(Beginning of Exercise data)

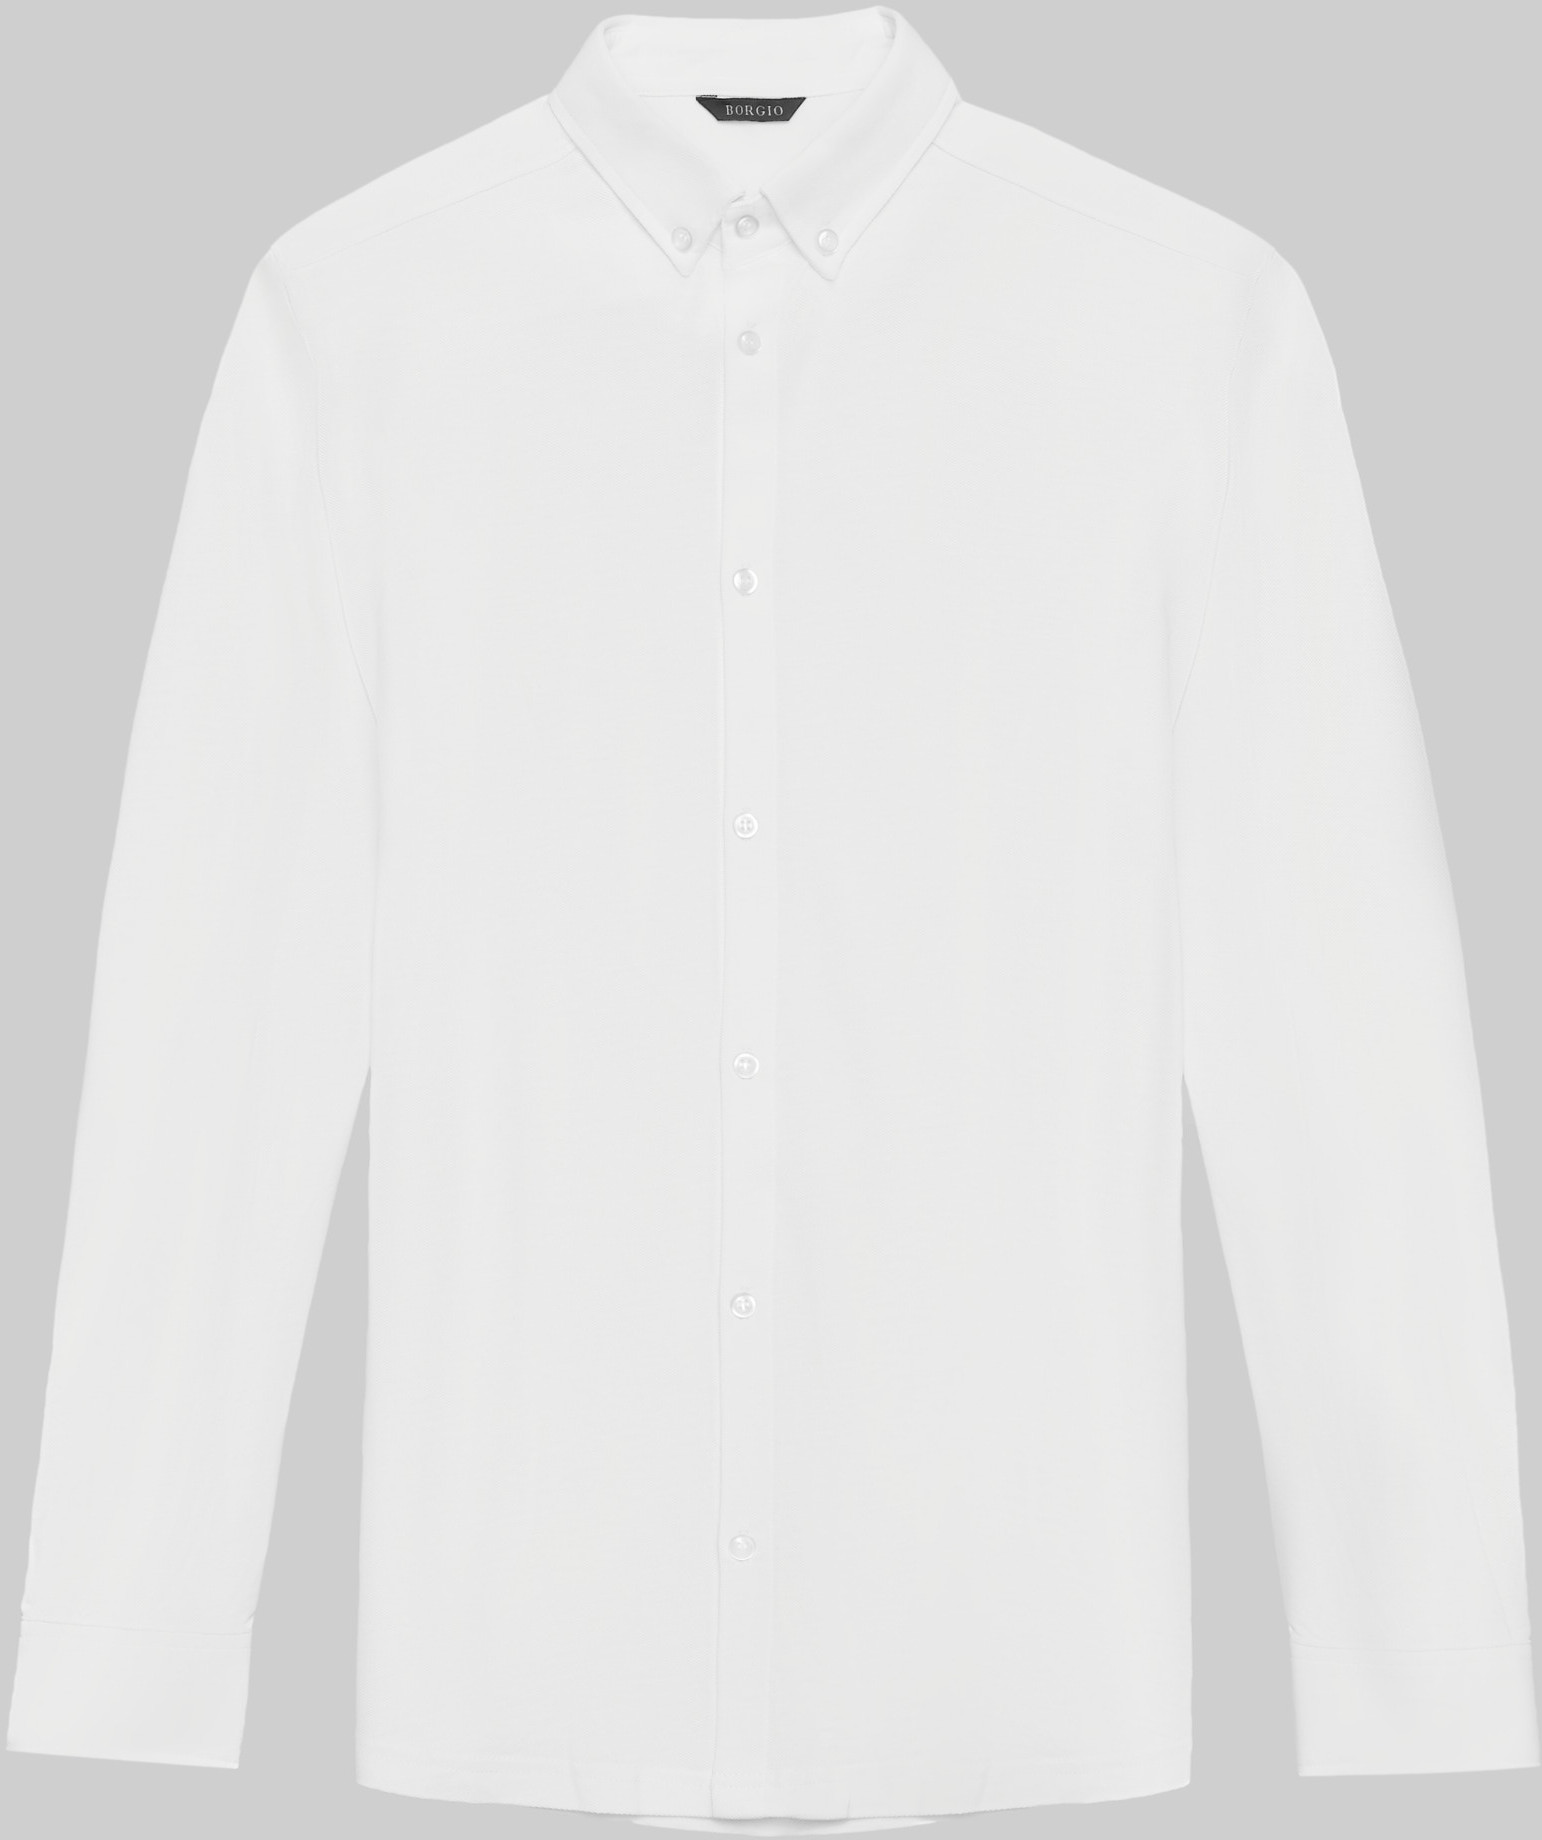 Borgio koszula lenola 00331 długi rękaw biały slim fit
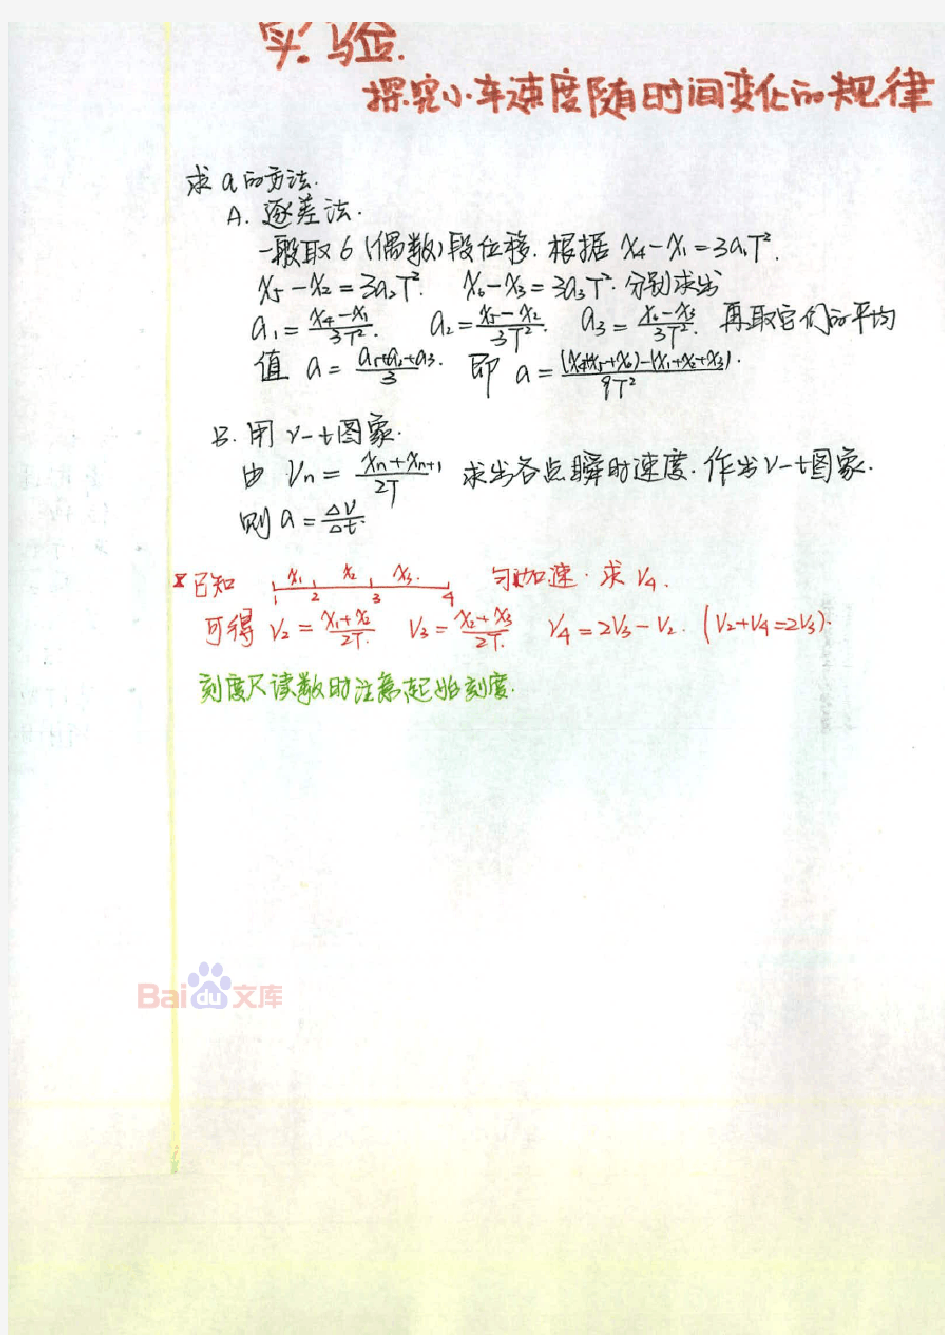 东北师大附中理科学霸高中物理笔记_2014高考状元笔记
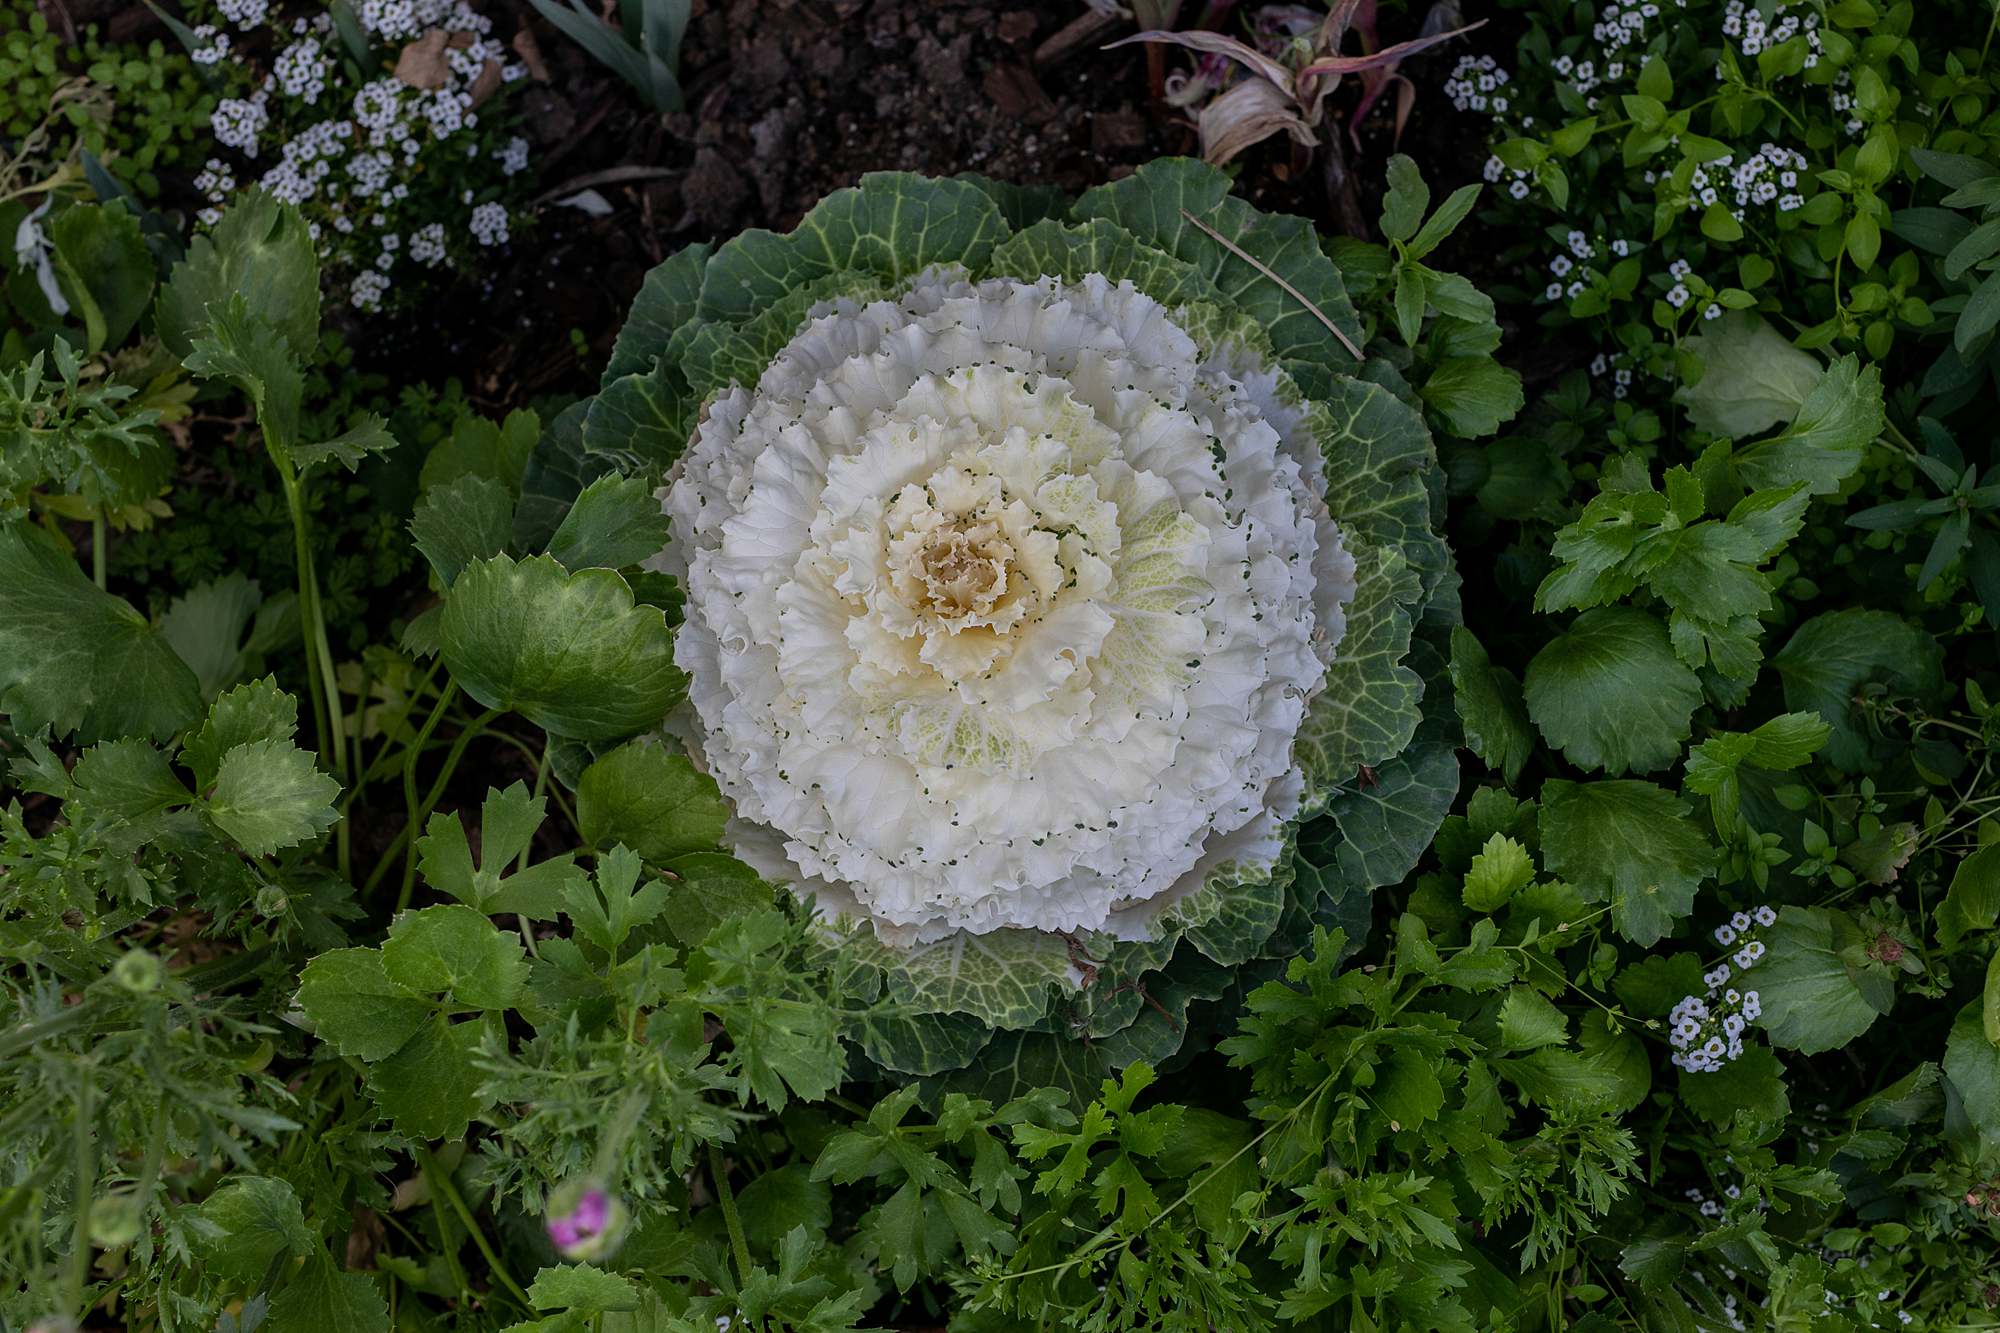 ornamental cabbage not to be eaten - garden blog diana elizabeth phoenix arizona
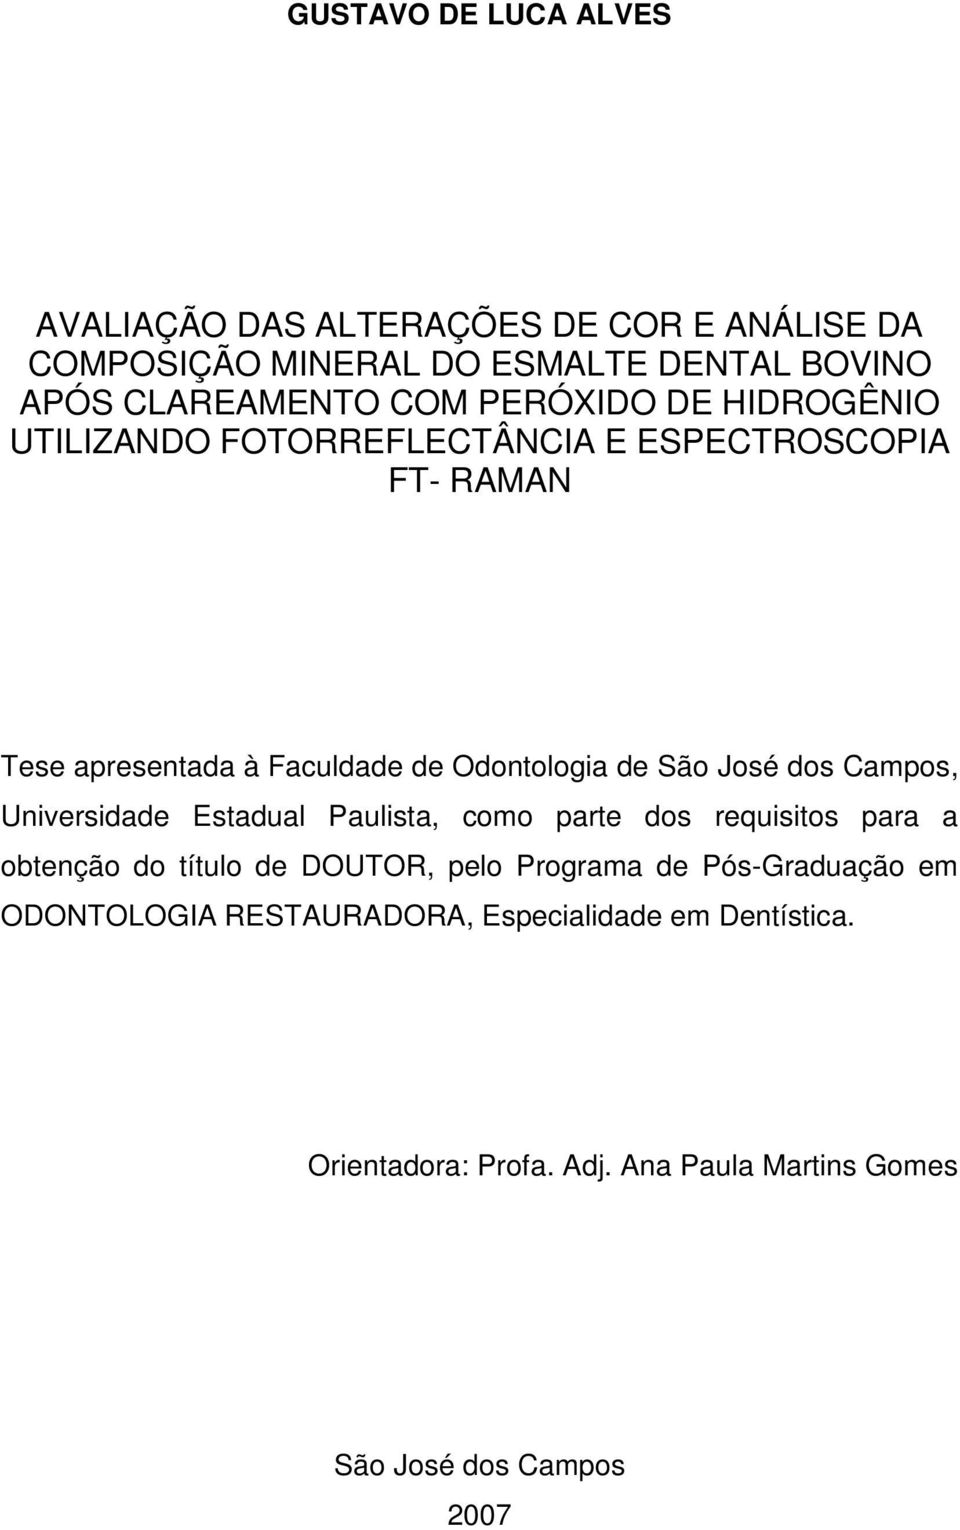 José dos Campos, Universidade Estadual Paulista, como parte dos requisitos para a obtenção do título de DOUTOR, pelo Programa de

(End of Exercise data)

The task: Your answer should set down the listing verbatim and leave out its images.

Exercise answer:
 Borgio koszula lenola 00331 długi rękaw biały slim fit
 东北师大附中理科学霸高中物理笔记_2014高考状元笔记
 ornamental cabbage not to be eaten - garden blog diana elizabeth phoenix arizona
 José dos Campos, Universidade Estadual Paulista, como parte dos requisitos para a obtenção do título de DOUTOR, pelo Programa de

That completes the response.